### INFORMATION SHOWN
-*-*-
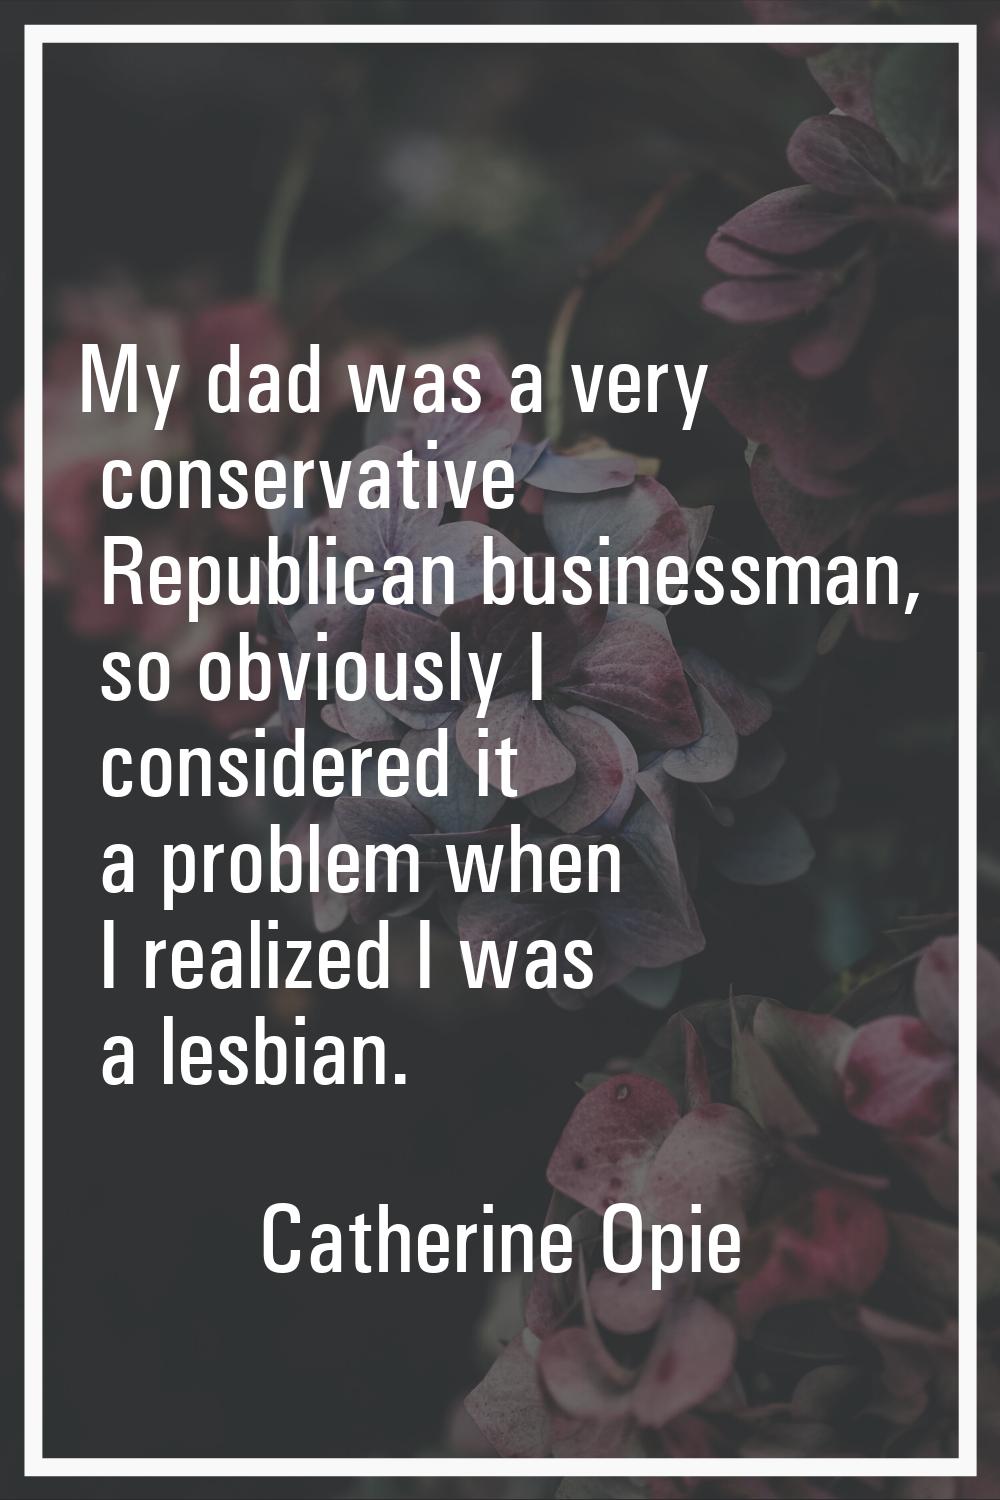 My dad was a very conservative Republican businessman, so obviously I considered it a problem when 
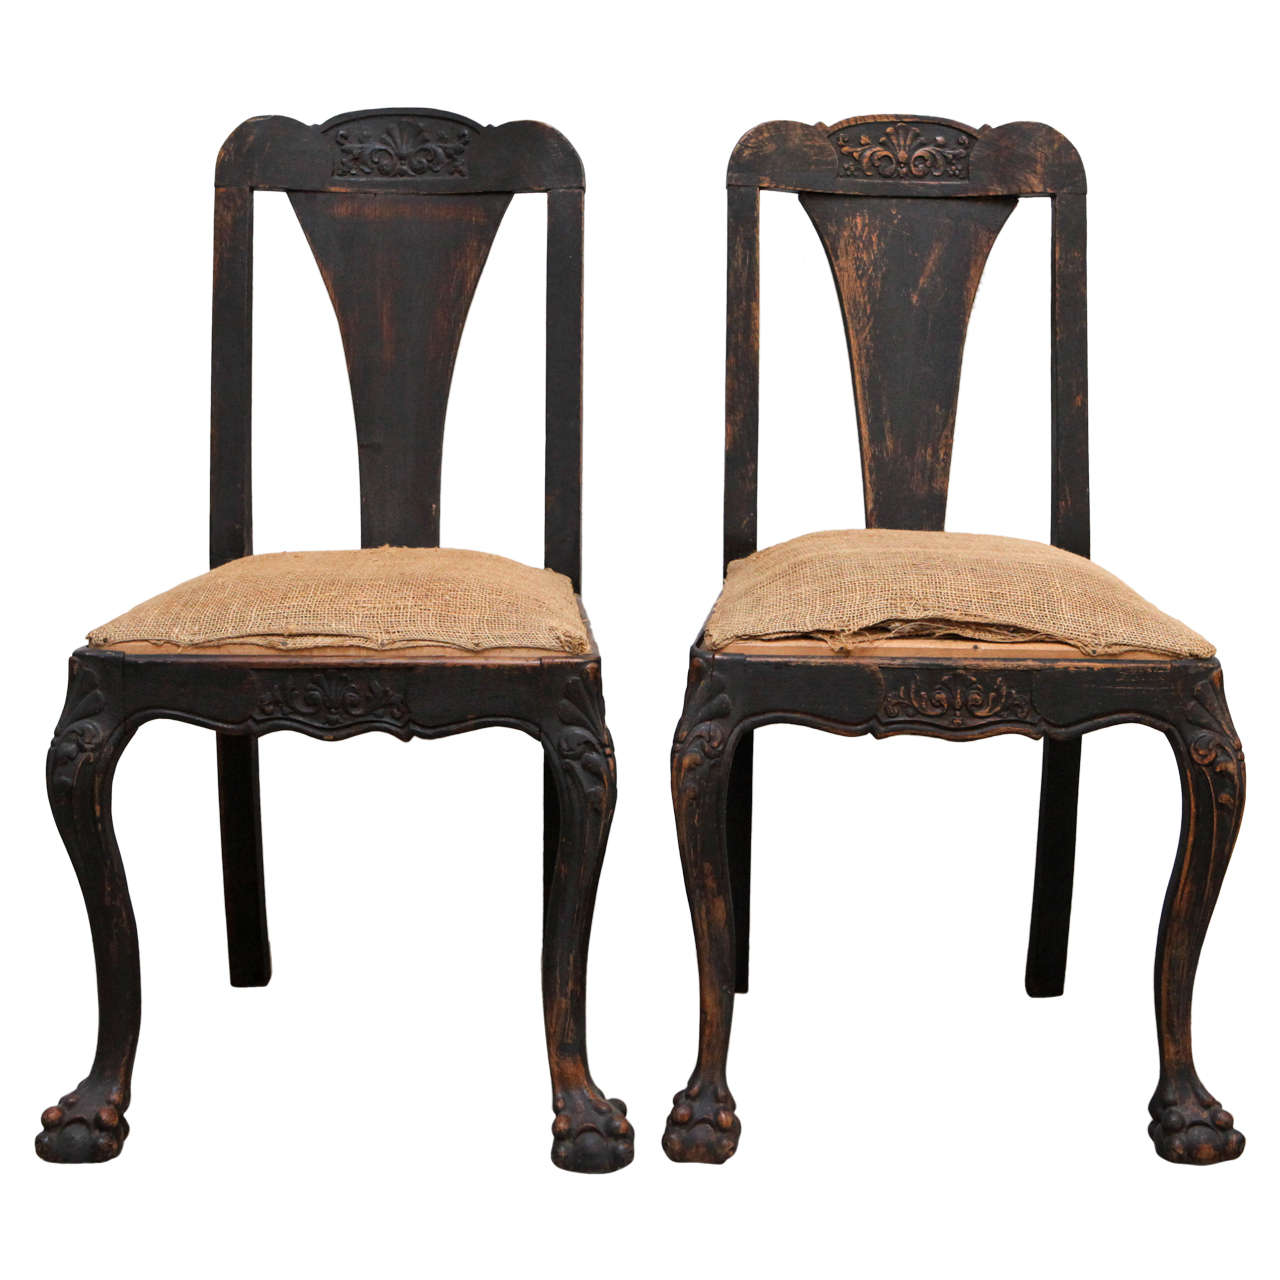 Pair of Baroque Hall Chairs, Late 18th c.
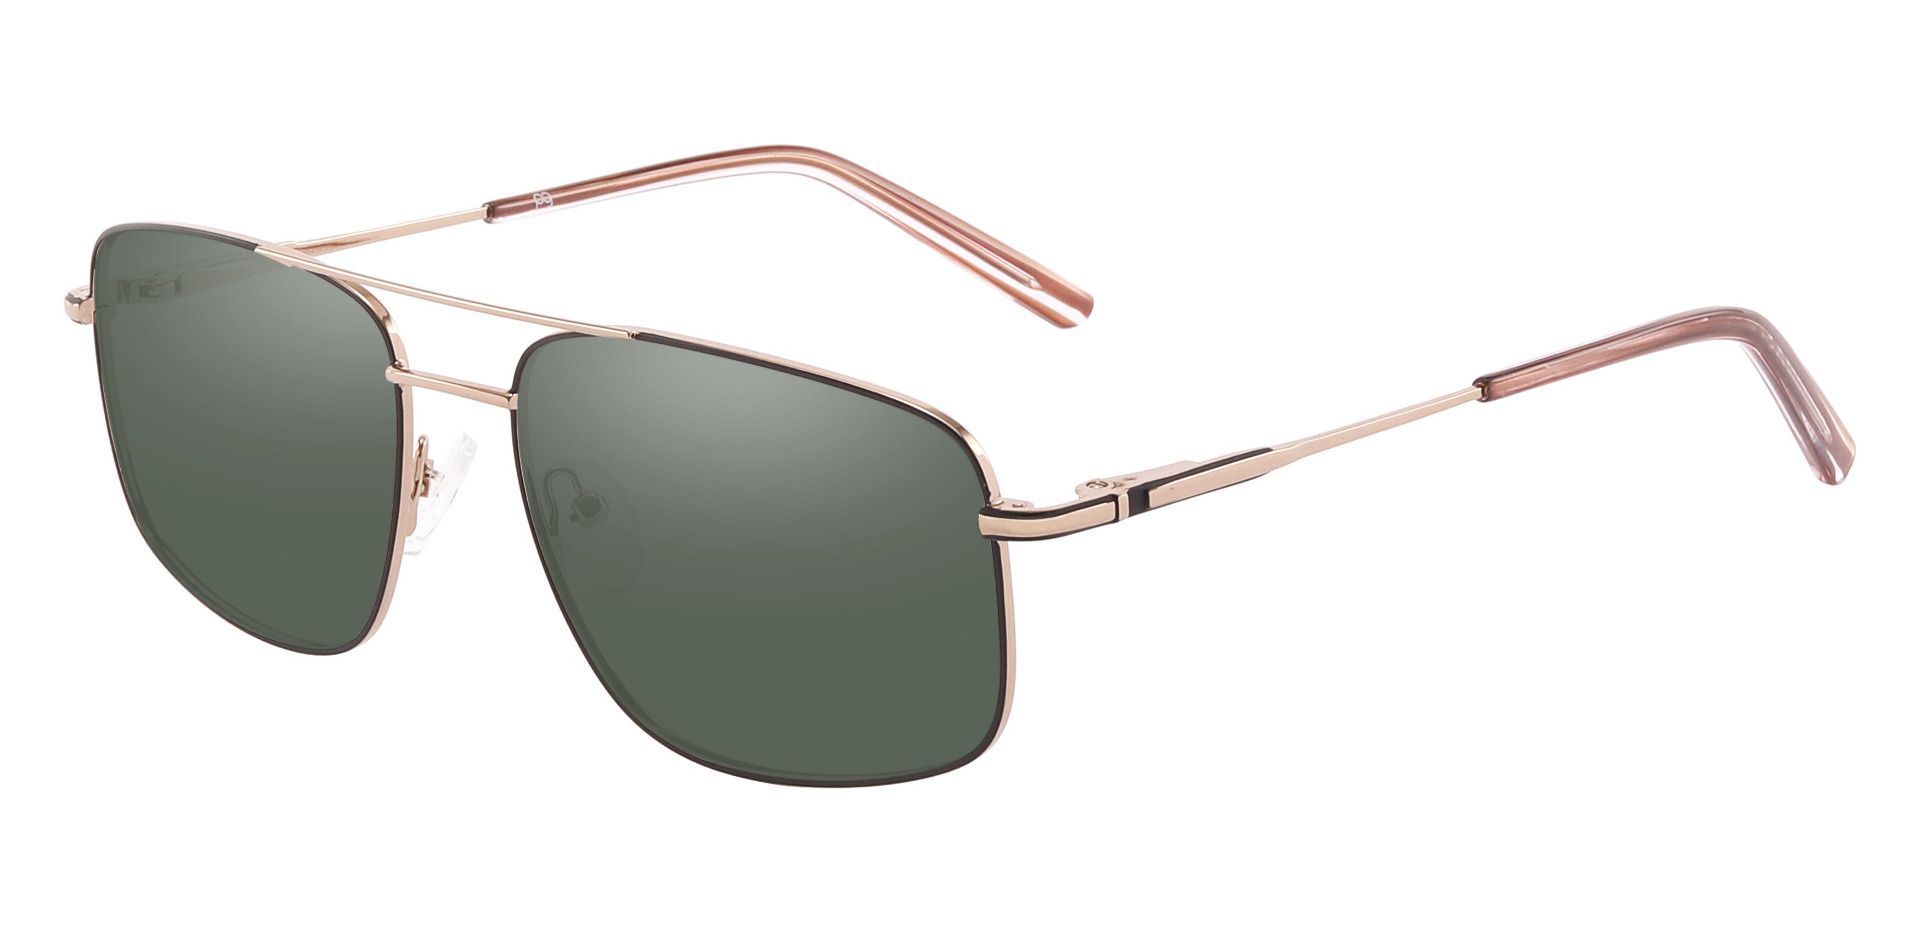 Turner Aviator Non-Rx Sunglasses - Gold Frame With Green Lenses
-*-*-
### TASK
Would you mind transcribing the material exactly, without the pictures?

### SOLUTION FOR THIS TASK
 My dad was a very conservative Republican businessman, so obviously I considered it a problem when 
 Pair of Baroque Hall Chairs, Late 18th c.
 Turner Aviator Non-Rx Sunglasses - Gold Frame With Green Lenses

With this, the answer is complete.